# Material provided
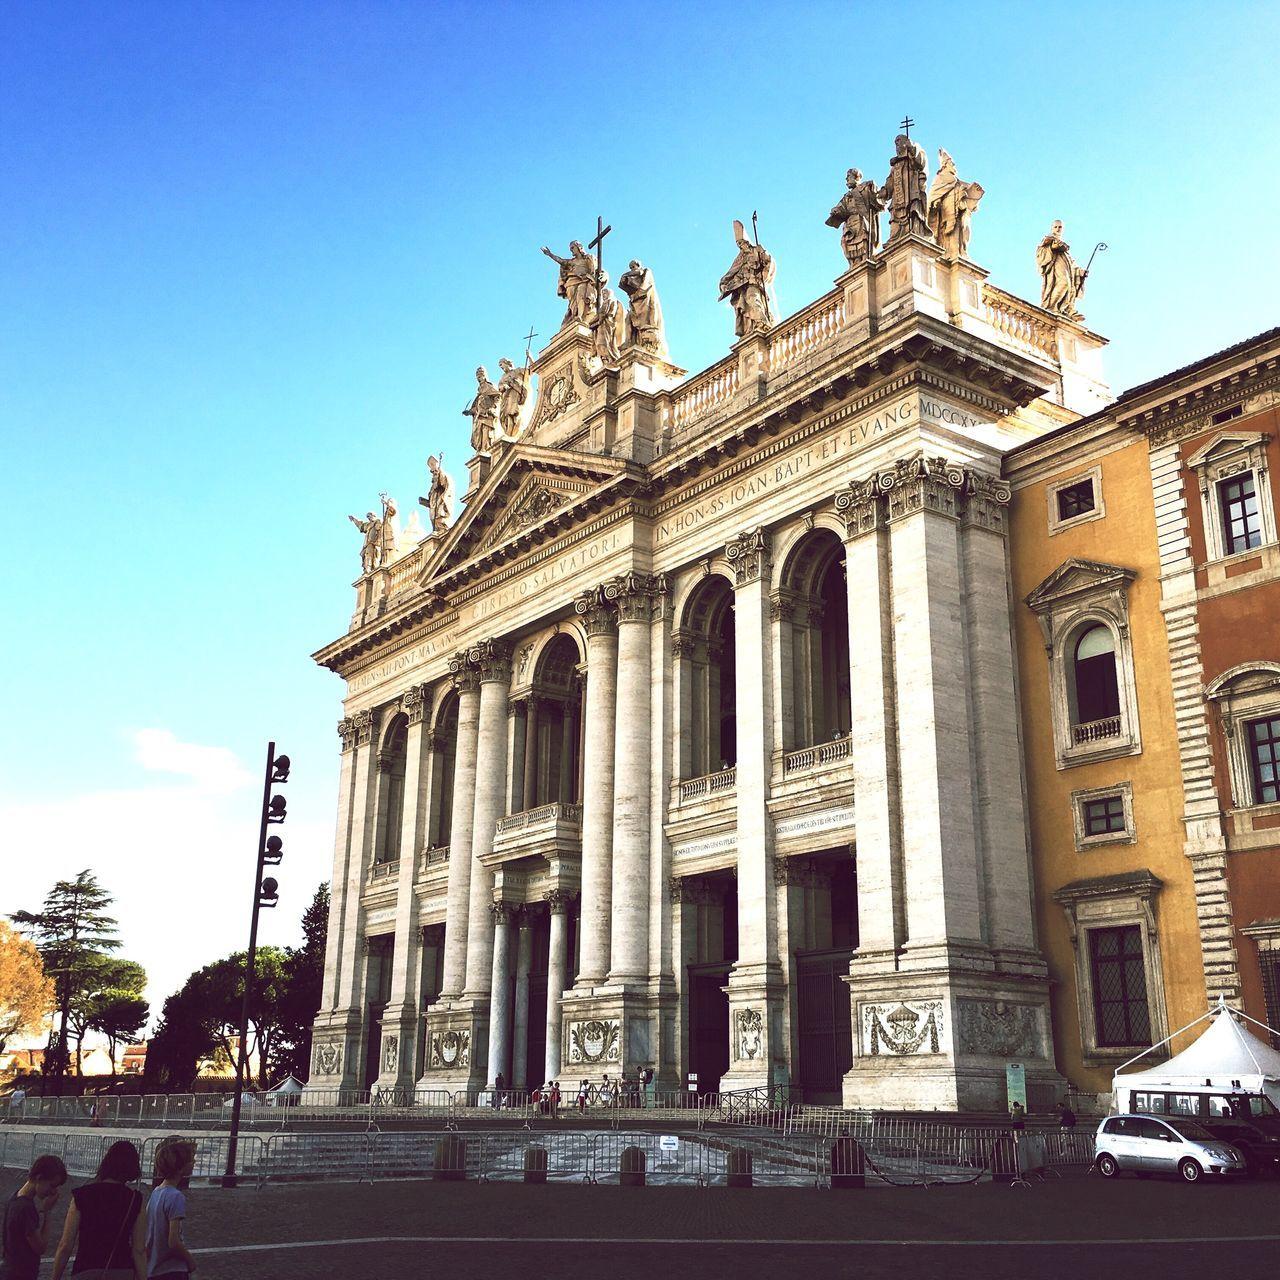 Mater Ecclesiae Architecture Art Capital Cities  Facades Famous Place Hisptamatic History Iphone6s IPhoneography Iphoneonly Mater Ecclesiae Rom Roma Rome Saint John Tourist
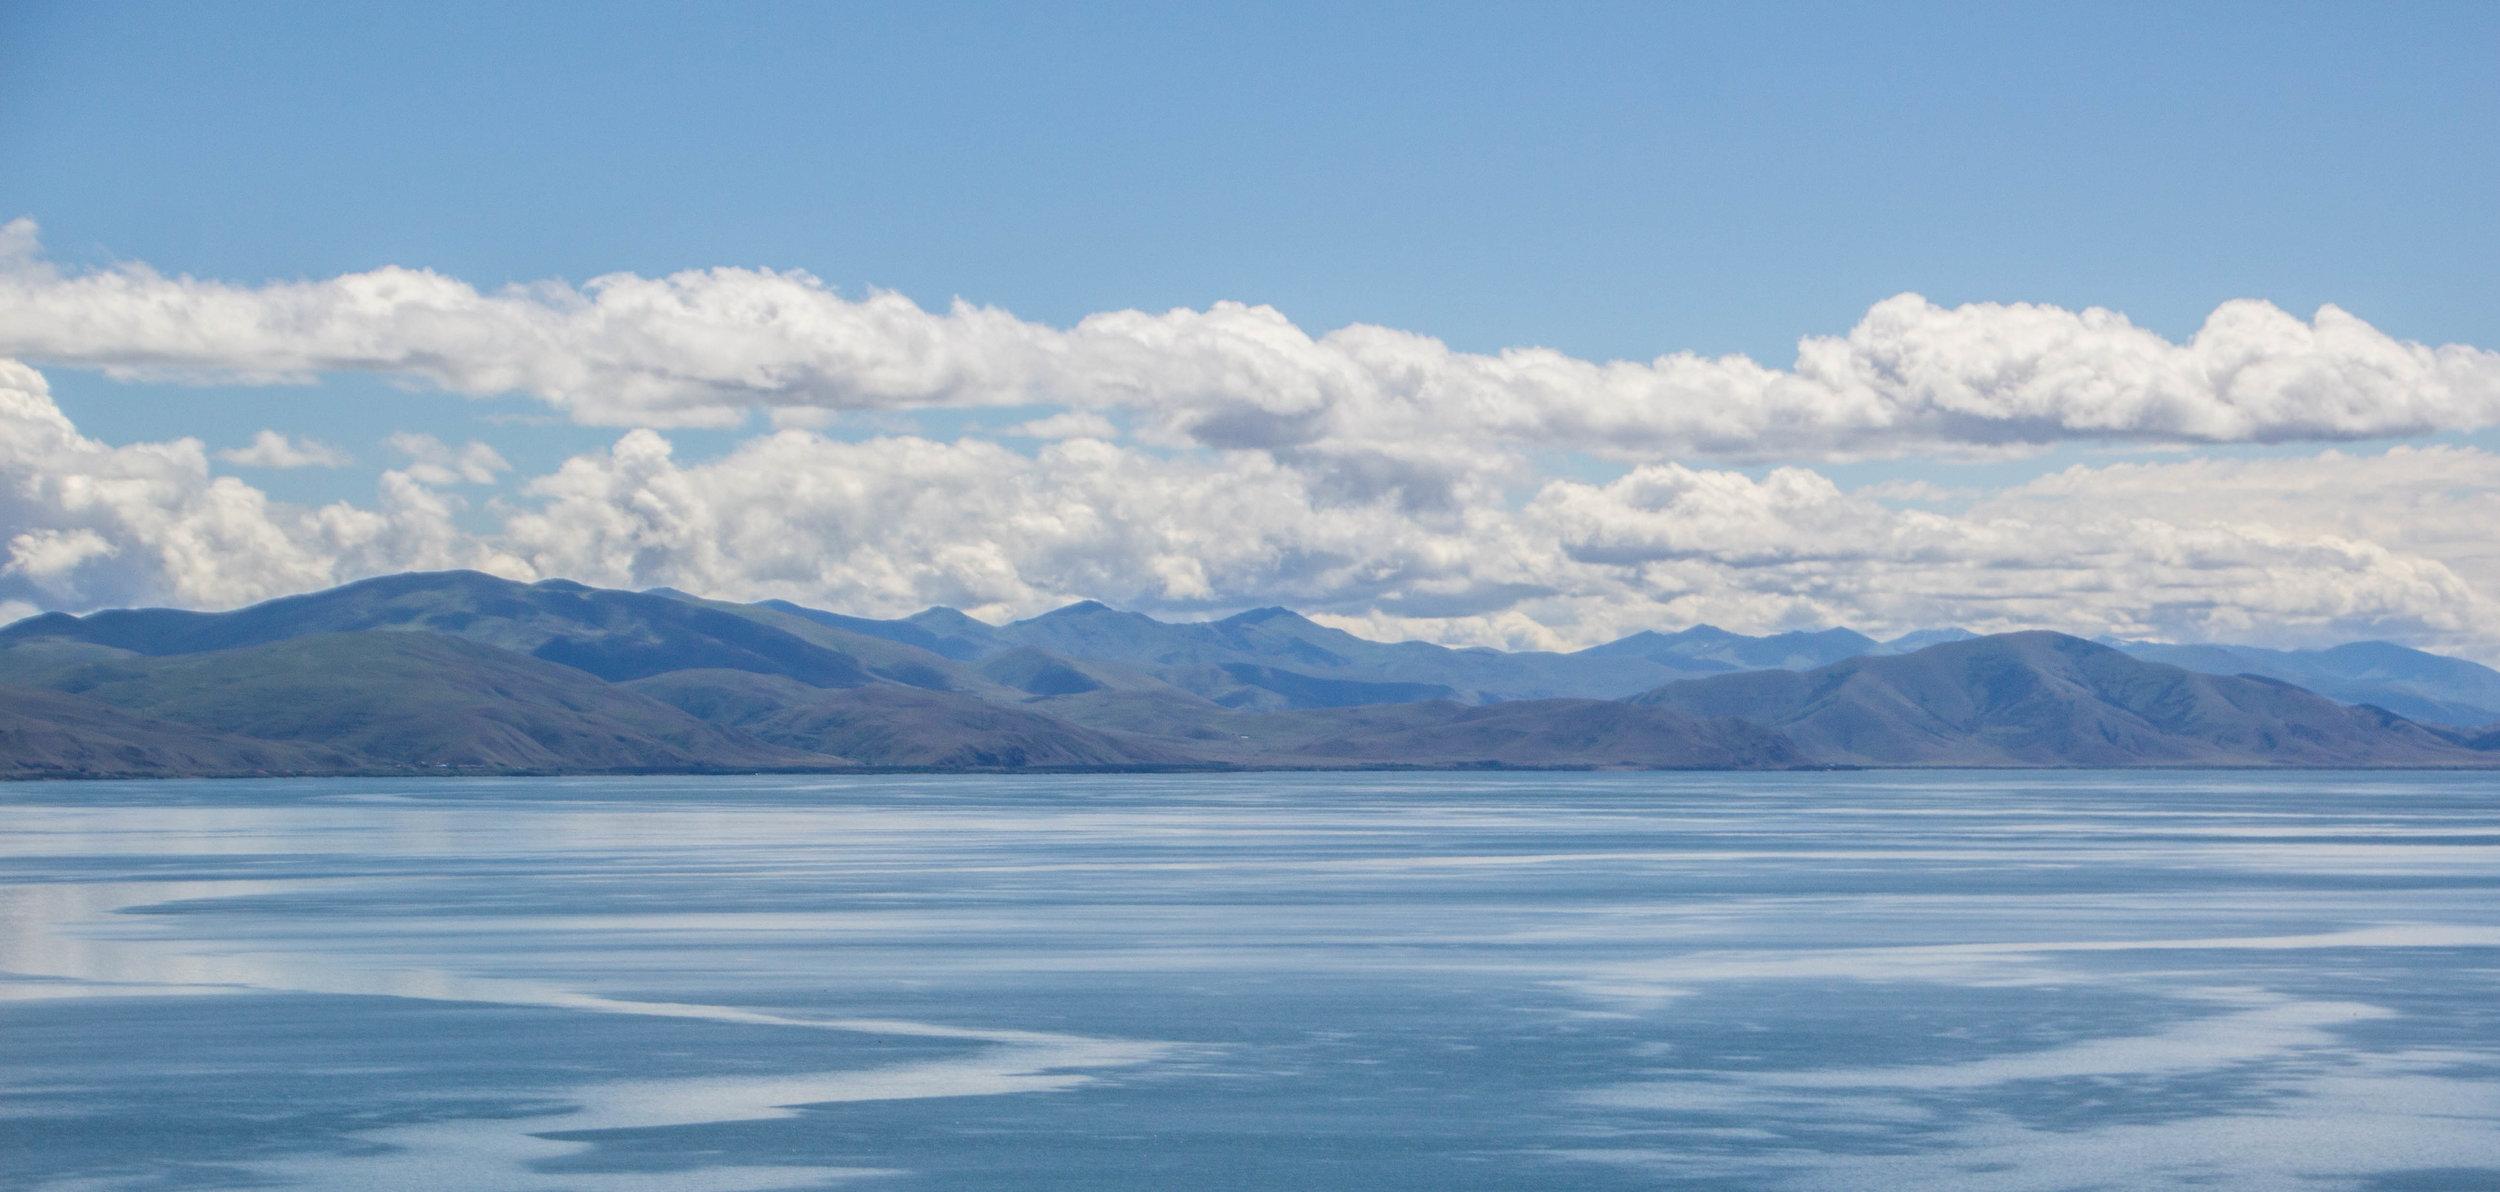 sevanavank-lake-sevan-armenia-22.jpg
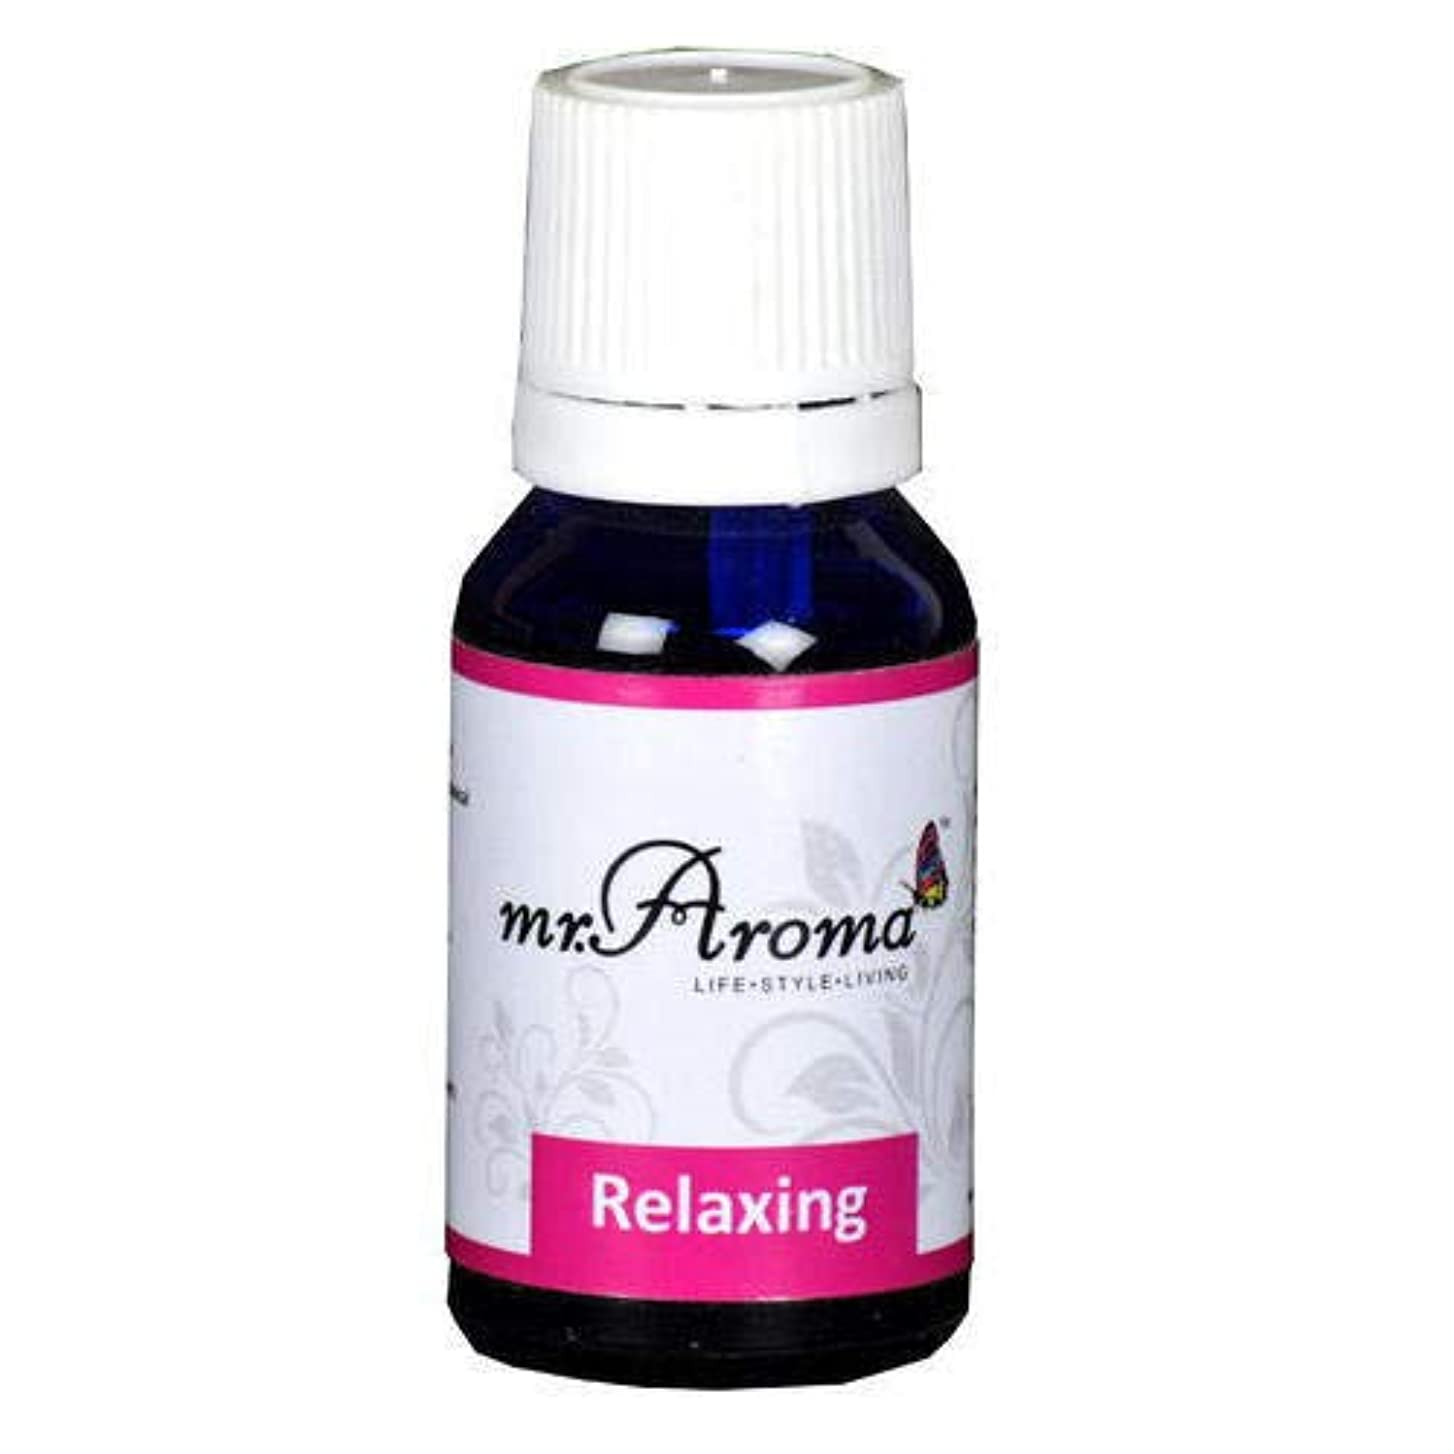 夜明け代数聴覚障害者Mr. Aroma Relaxing Vaporizer/Essential Oil
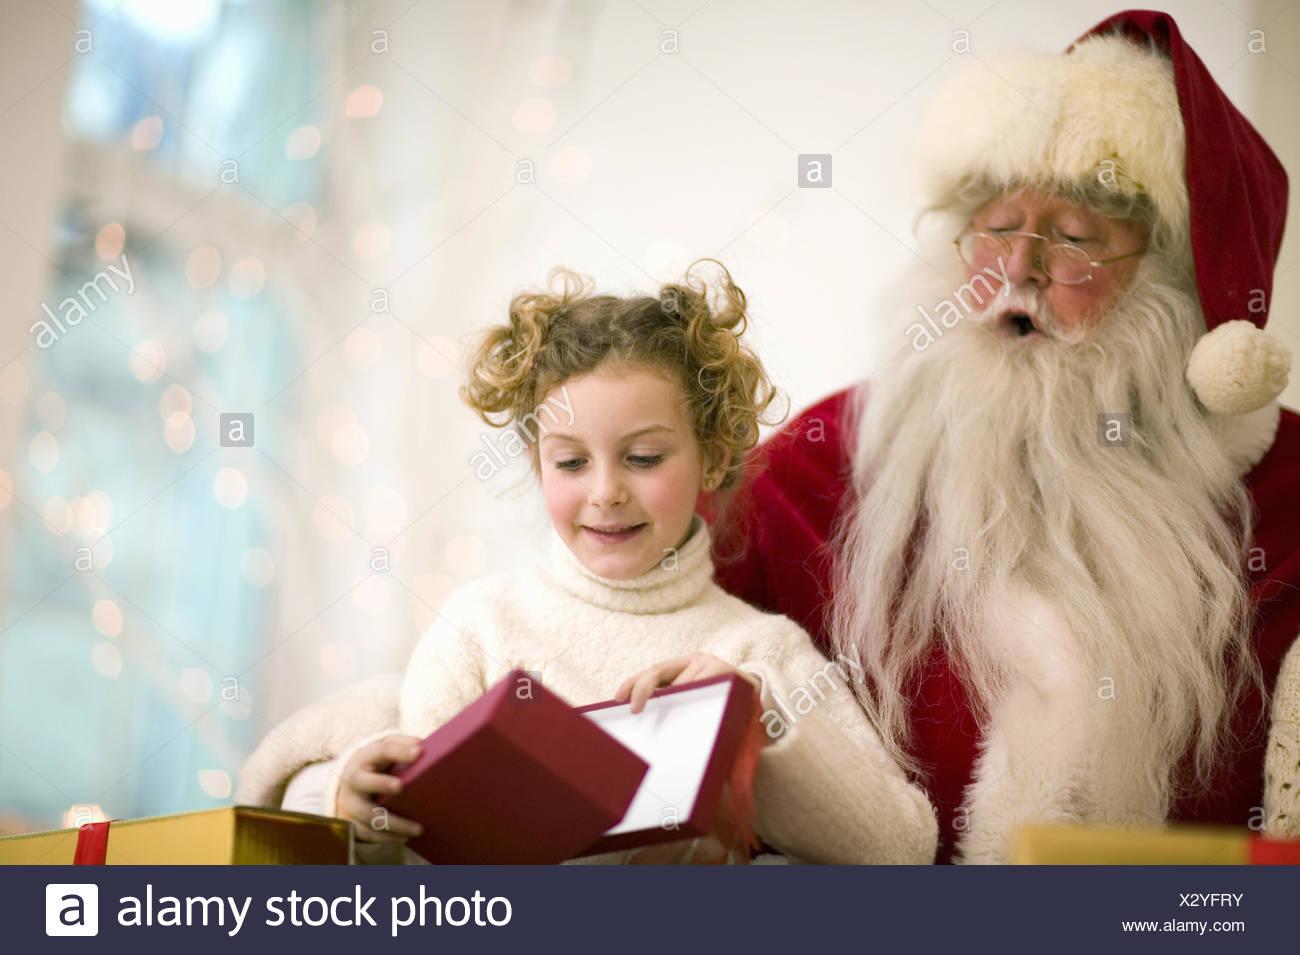 Santa Claus giving gift to young girl on Christmas - Stock Image

# Task goal
When you repeat the data, keep it exact and drop every picture.

# Written response
 Mater Ecclesiae Architecture Art Capital Cities  Facades Famous Place Hisptamatic History Iphone6s IPhoneography Iphoneonly Mater Ecclesiae Rom Roma Rome Saint John Tourist
 sevanavank-lake-sevan-armenia-22.jpg
 夜明け代数聴覚障害者Mr. Aroma Relaxing Vaporizer/Essential Oil
 Santa Claus giving gift to young girl on Christmas - Stock Image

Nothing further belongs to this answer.